» What the exercise asks:
Span requested from the data below: the line with "Dawn would take" through the line with "Red 1993 Dodge", both included. Give only these lines again, exactly, and leave every picture out.

» Provided records:
⟨

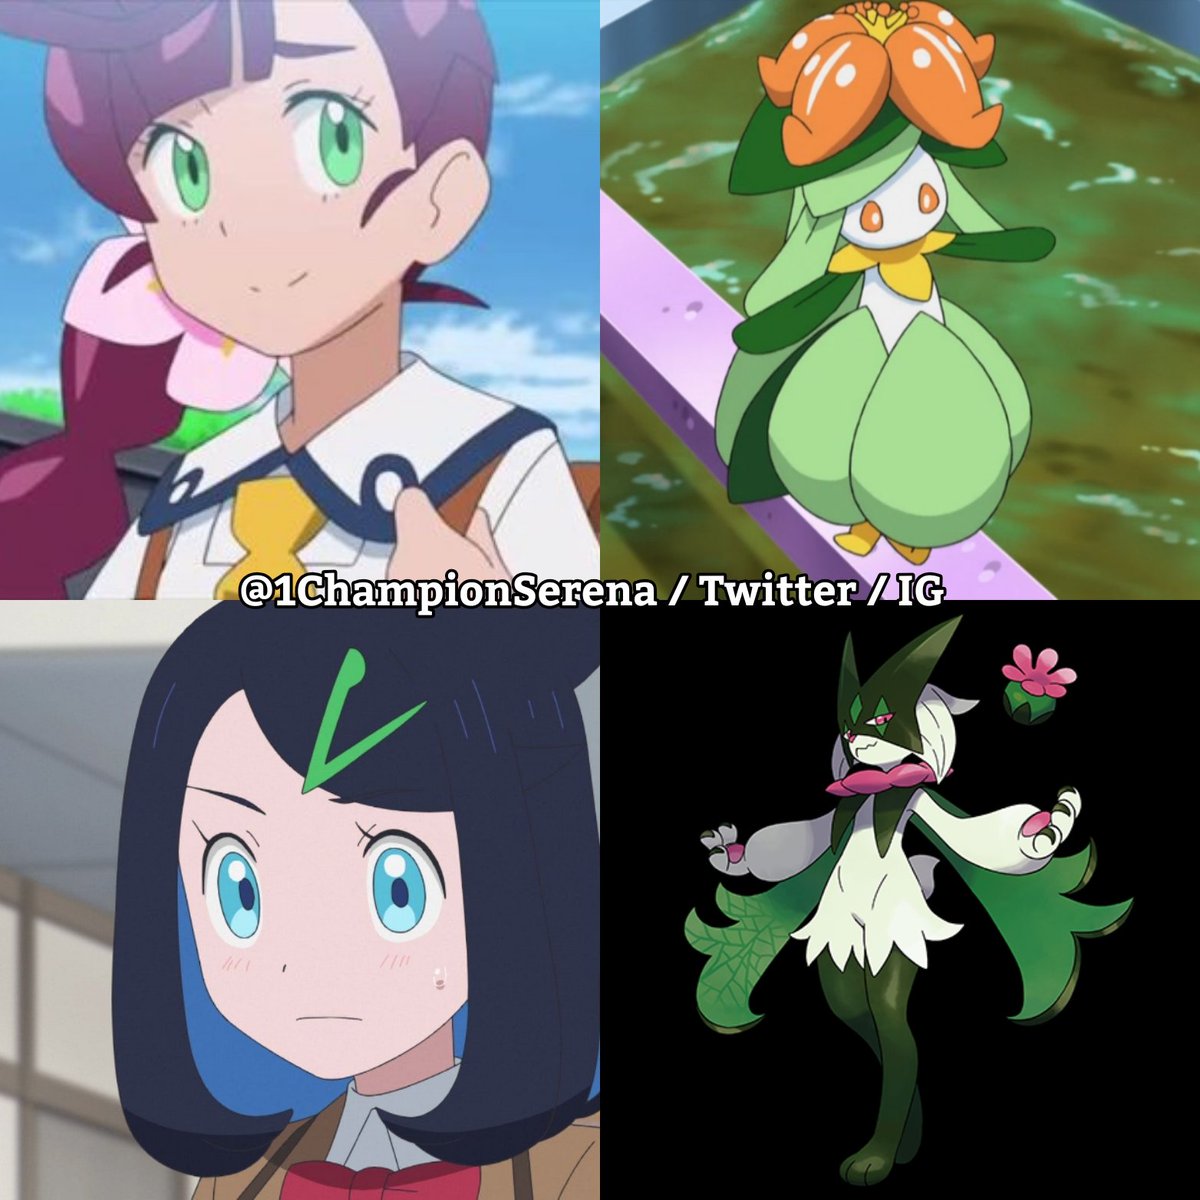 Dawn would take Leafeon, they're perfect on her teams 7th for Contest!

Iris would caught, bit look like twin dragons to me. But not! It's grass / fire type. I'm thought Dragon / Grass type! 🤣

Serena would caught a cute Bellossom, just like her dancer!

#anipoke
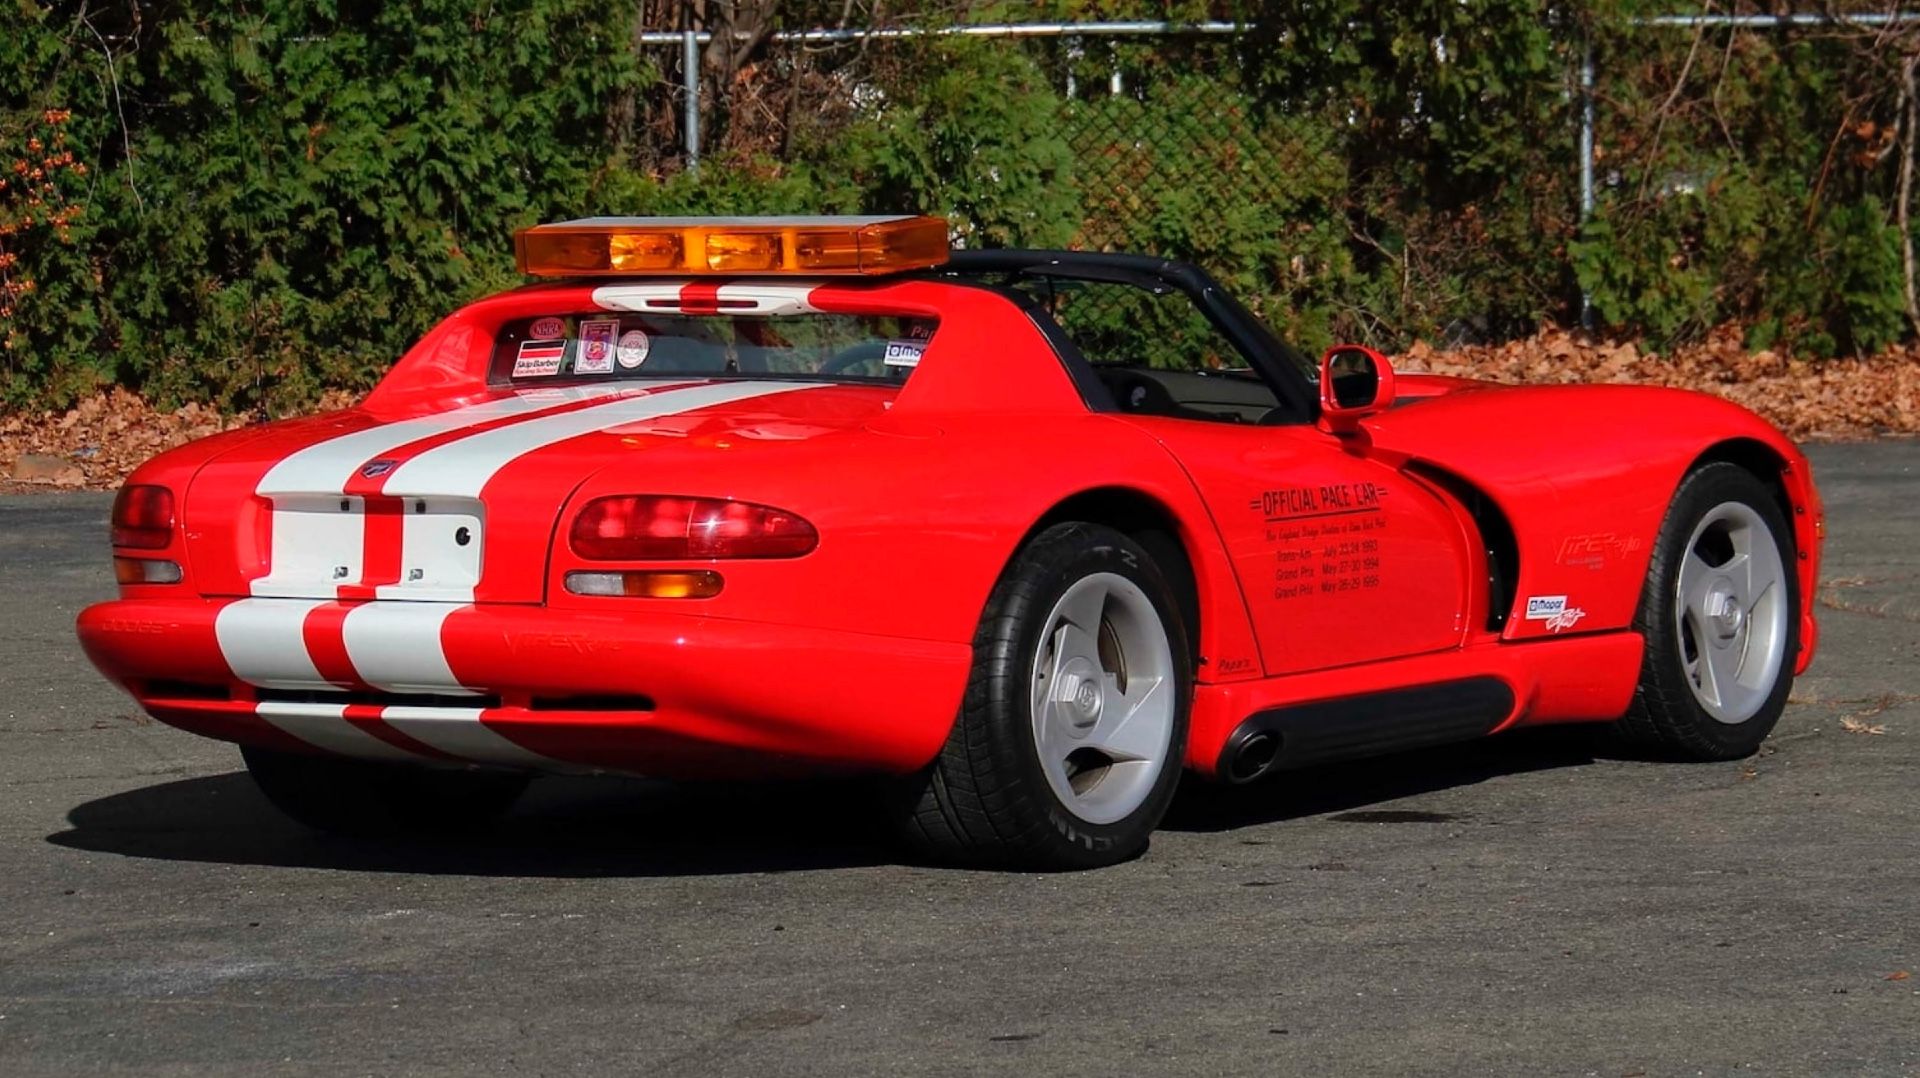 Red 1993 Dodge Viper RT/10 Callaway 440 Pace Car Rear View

⟩
⟨

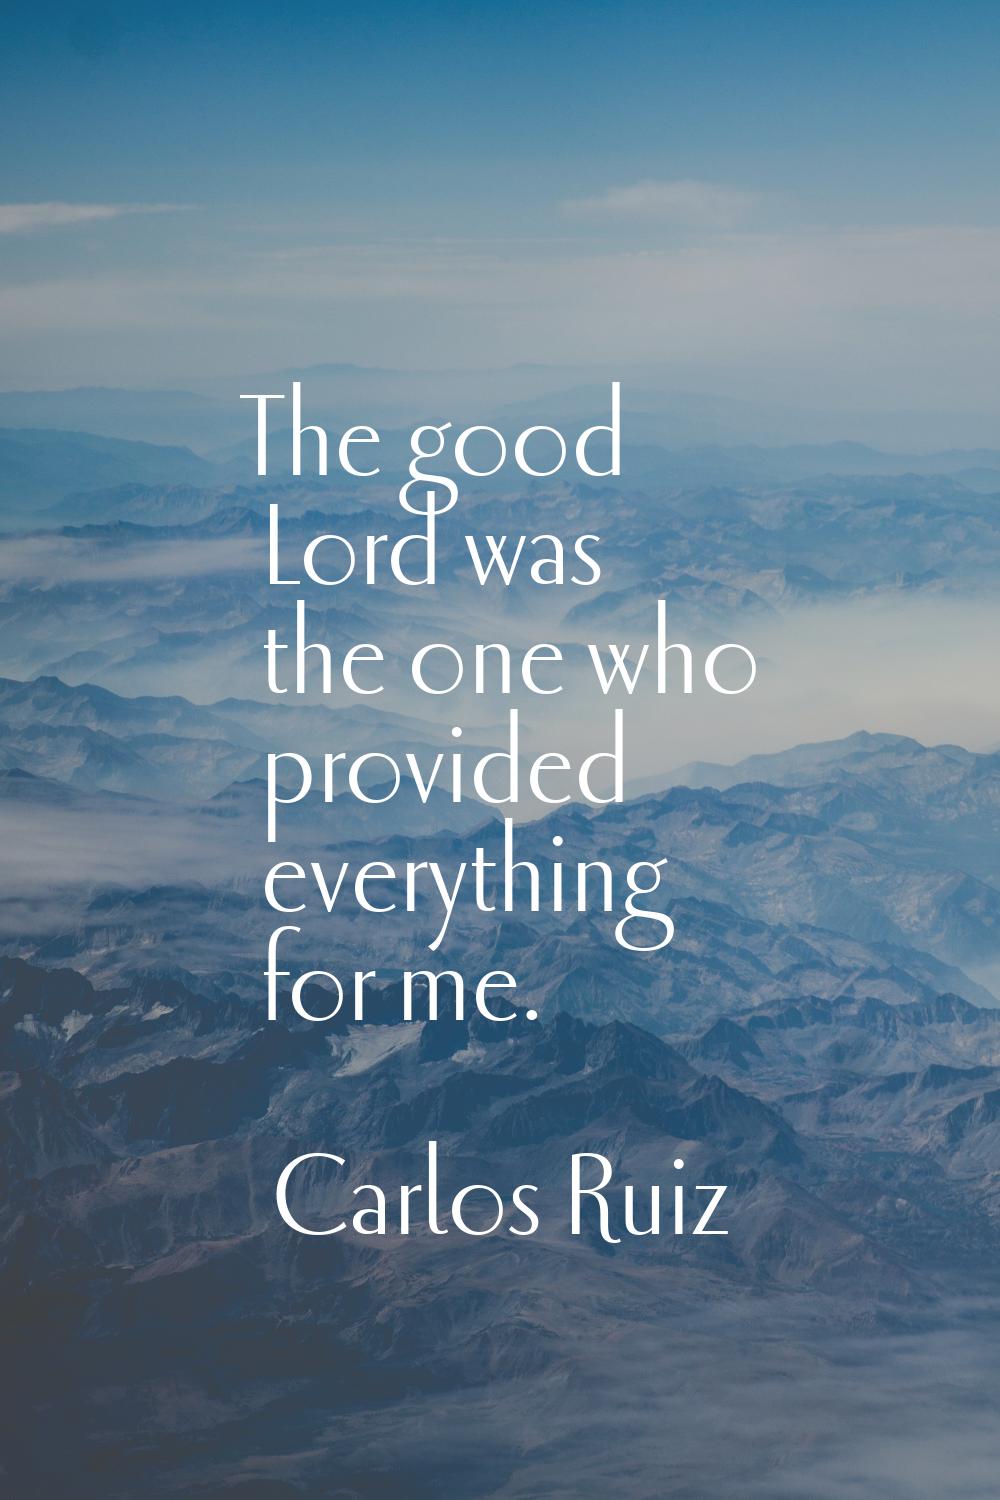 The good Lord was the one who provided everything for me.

⟩

» Result of the task:
 Dawn would take Leafeon, they're perfect on her teams 7th for Contest!

Iris would caught, bit look like twin dragons to me. But not! It's grass / fire type. I'm thought Dragon / Grass type! 🤣

Serena would caught a cute Bellossom, just like her dancer!

#anipoke
 Red 1993 Dodge Viper RT/10 Callaway 440 Pace Car Rear View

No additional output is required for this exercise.